Langs Weerszijden van de Studiemedaille

Hannes
den Ouden

 

Drugmisbruik om verbeterde prestaties neer te zetten kent reeds een lange geschiedenis. Vooral binnen de professionele sportbeoefening komt het ‘verwerpelijke’ gebruik van prestatieverbeterende middelen om op onnatuurlijke wijze als eerste over de eindmeet te komen veel in het nieuws. Als de éne wielrenner zich niet heeft vergrepen aan doping, dan wel iemand anders. Eenzelfde fenomeen werd de laatste jaren nijpend zichtbaar op het vlak van academische studiemethodes. Waar de toepassing van mentale technieken zoals ezelsbruggetjes in combinatie met een flinke dosis cafeïne de normale gang van zaken is qua studiehulpmiddelen, lijkt het gebruik van onconventionele biomedische middelen volgens verschillende universiteiten onder het mom van breindoping een stap te ver. Verschillende professionals wezen er al op dat de systematische controle op het gebruik van cognitieve verbeteringsmiddelen een oplossing zou kunnen bieden om de gelijkheid onder de examens te vrijwaren. Het blijft echter nog maar de vraag of de voorgestelde dopingcontroles binnen de academische wereld vanzelfsprekend zijn.
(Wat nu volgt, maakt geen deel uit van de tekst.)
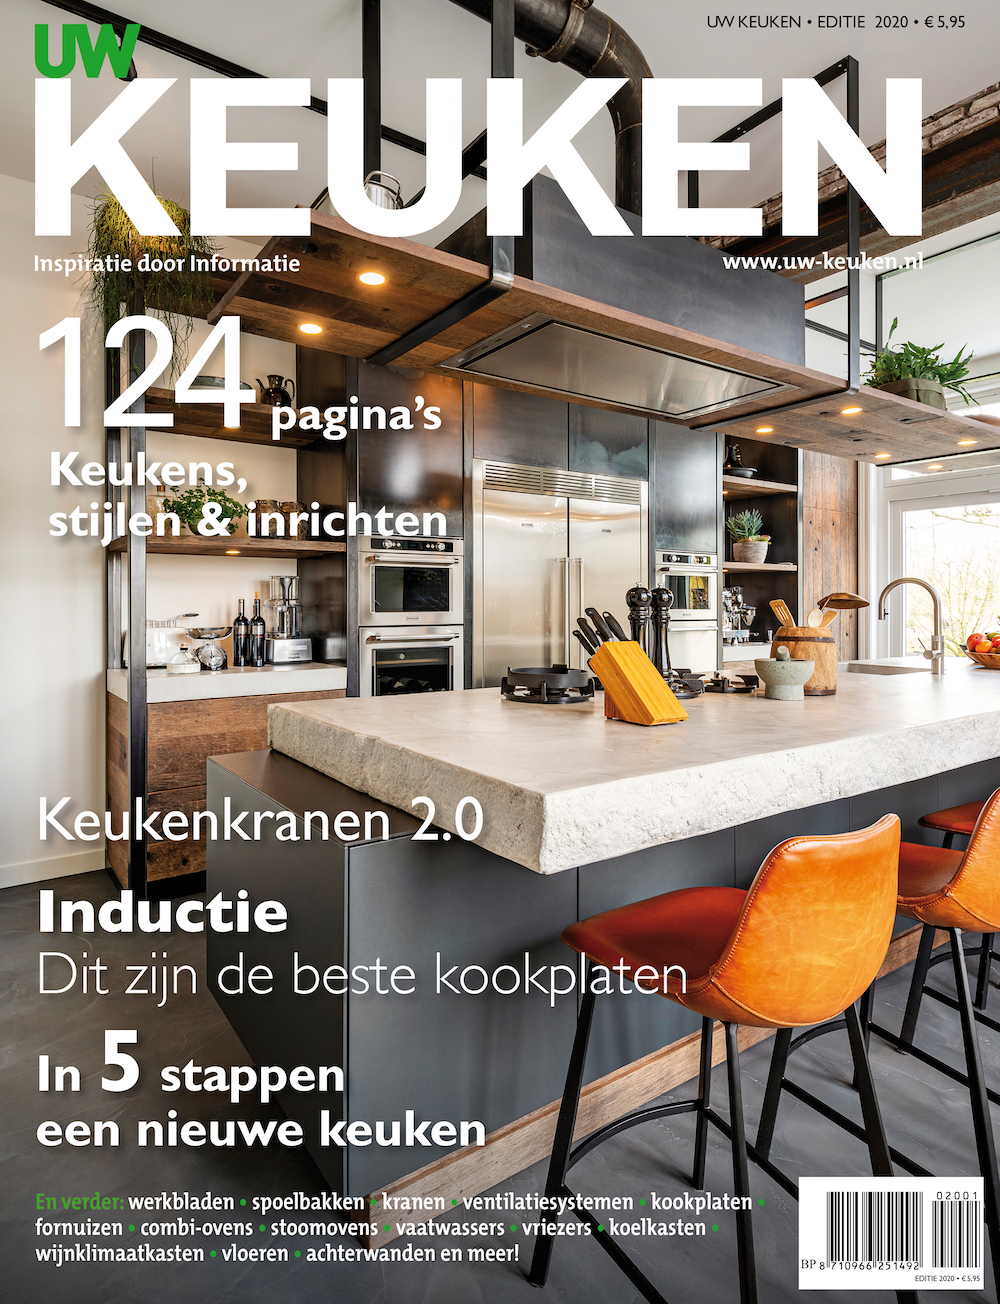 Keukenmagazine UW Keuken. Informatie en keukeninspiratie #keuken #magazine

Eén van deze onconventionele biomedische middelen die we specifiek behandelden is methylfenidaat. Meer bekent van commerciële namen zoals Rilatine® of Ritalin® wordt methylfenidaat legitiem gebruikt als medicatie bij kinderen en jongadolescenten met de psychische aandoening Attention-Deficit/Hyperactivity Disorder (ADHD). Bij een ADHD-patiënt is er sprake van een disbalans in bepaalde neurotransmitterconcentraties (i.e. de chemische signalen tussen zenuwcellen), waardoor het remmende effect waarmee het brein bepaalde stimuli verwerkt wegvalt. Hierdoor ondervindt iemand die effectief gediagnostiseerd is met ADHD vaak impulsiviteit- en concentratieproblemen. Door de consumptie van methylfenidaat brengt men deze neurotransmitterconcentraties artificieel in evenwicht, waardoor men zich met volgens de norm gereguleerd gedrag kan richten op dagdagelijkse taken.
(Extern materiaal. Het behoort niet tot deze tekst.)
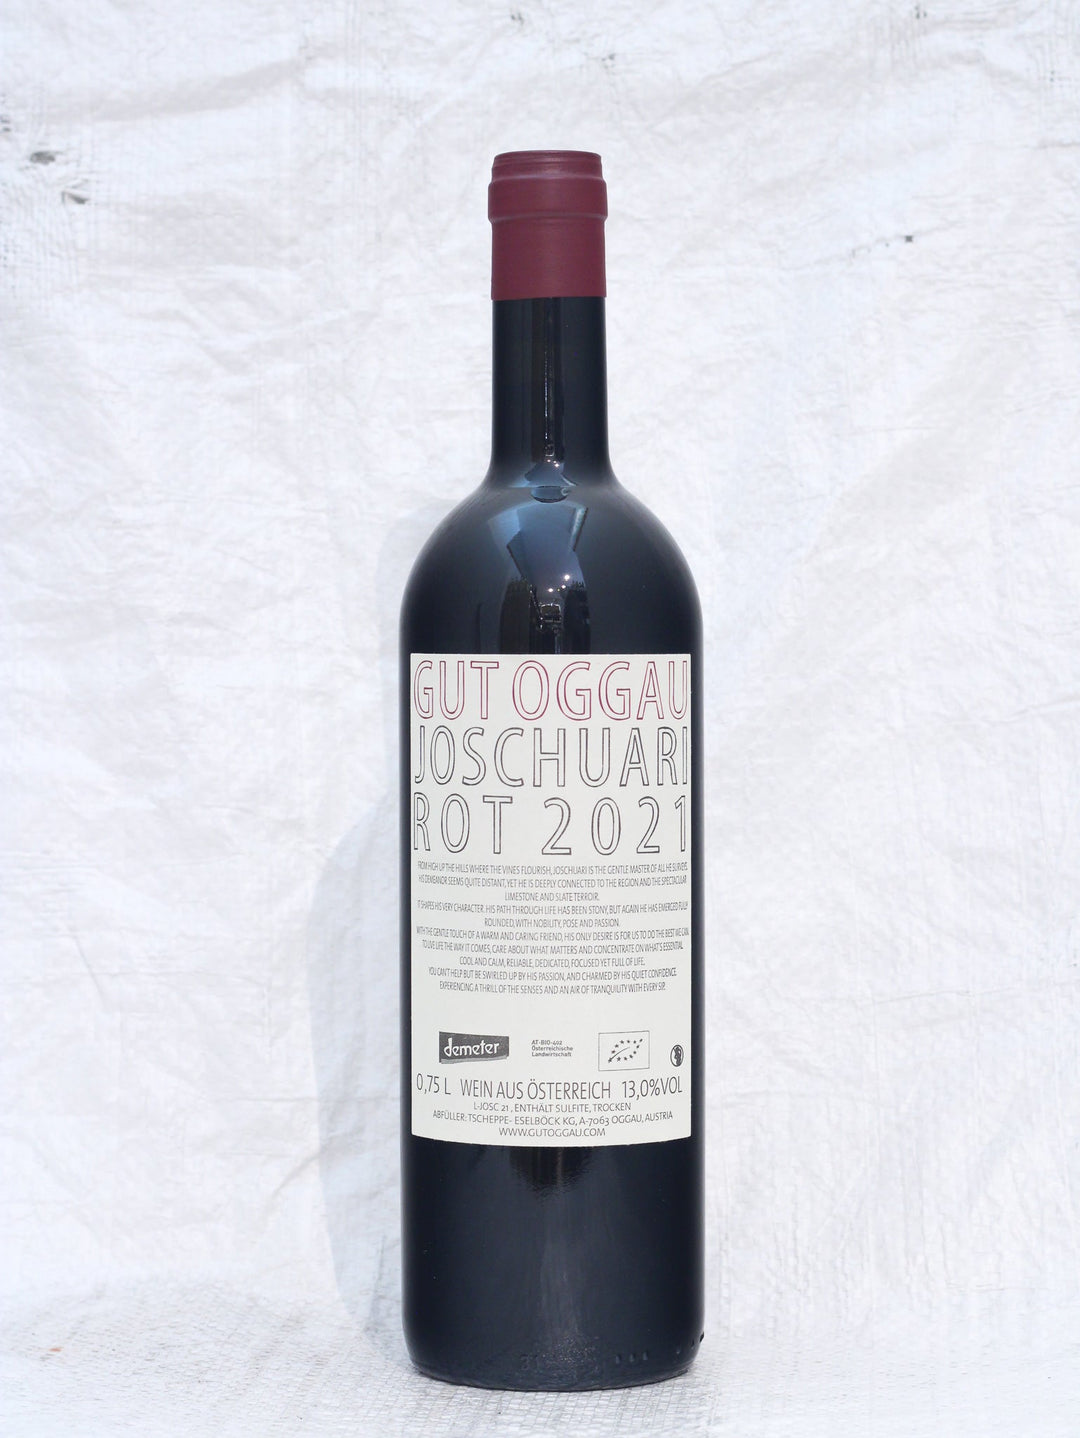 Joschuari 2021 0,75L Bio Wein von Gut Oggau

Tevens is methylfenidaat verreweg de ‘drug of choice’ als cognitief verbeteringsmiddel onder de academische studentenpopulatie. Wereldwijd zijn er aanwijzingen dat in de Westerse cultuur bijna één vijfde onder de studenten minstens eenmalig het goedje illegitiem als cognitief verbeteringsmiddel gebruikt tijdens de examenperiode. Onder het containerbegrip ‘smartdrugs’ neemt de zwarte markt voor dergelijke middelen op academisch niveau jaarlijks toe. De toevoer van methylfenidaat voor verbeterende doeleinden verloopt voornamelijk via collega-studenten met een diagnose ADHD. Ook het aantal ADHD-patiënten neemt jaarlijks toe, wat de toegankelijkheid voor het gebruik van methylfenidaat als smartdrug enkel vergemakkelijkt. Er is echter geen reden om aan te nemen dat meer individuen dan vroeger ADHD hebben.

Allereerst stelden we in ons onderzoek de vraag waarom enkel het medicinaal gebruik van methylfenidaat als ADHD-medicatie als legitiem wordt beschouwd. Wanneer men vanuit het principe gelijkheid dopingcontroles op academisch niveau wil invoeren, dan moeten we volgens hetzelfde principe hen die door genetische tekortkomingen buiten de boot vallen extra ondersteunen. Uit een kritische reflectie bleek dat psychologen in het verdere verloop van de 20ste eeuw geen rekening hebben gehouden met de filosofische ontwikkelingen van het operationeel fundament waarop de moderne psychologie steunt. Daarnaast blijkt de kennis over de genetische oorzaak van psychische aandoeningen nog in haar kinderschoenen te staan, waardoor de criteria voor een diagnose ADHD dus wezenlijk een subjectieve aangelegenheid blijven, “[which] serve as little more than a 'reassurance fetish' for mainstream methodological practice.” (W.D. Hands)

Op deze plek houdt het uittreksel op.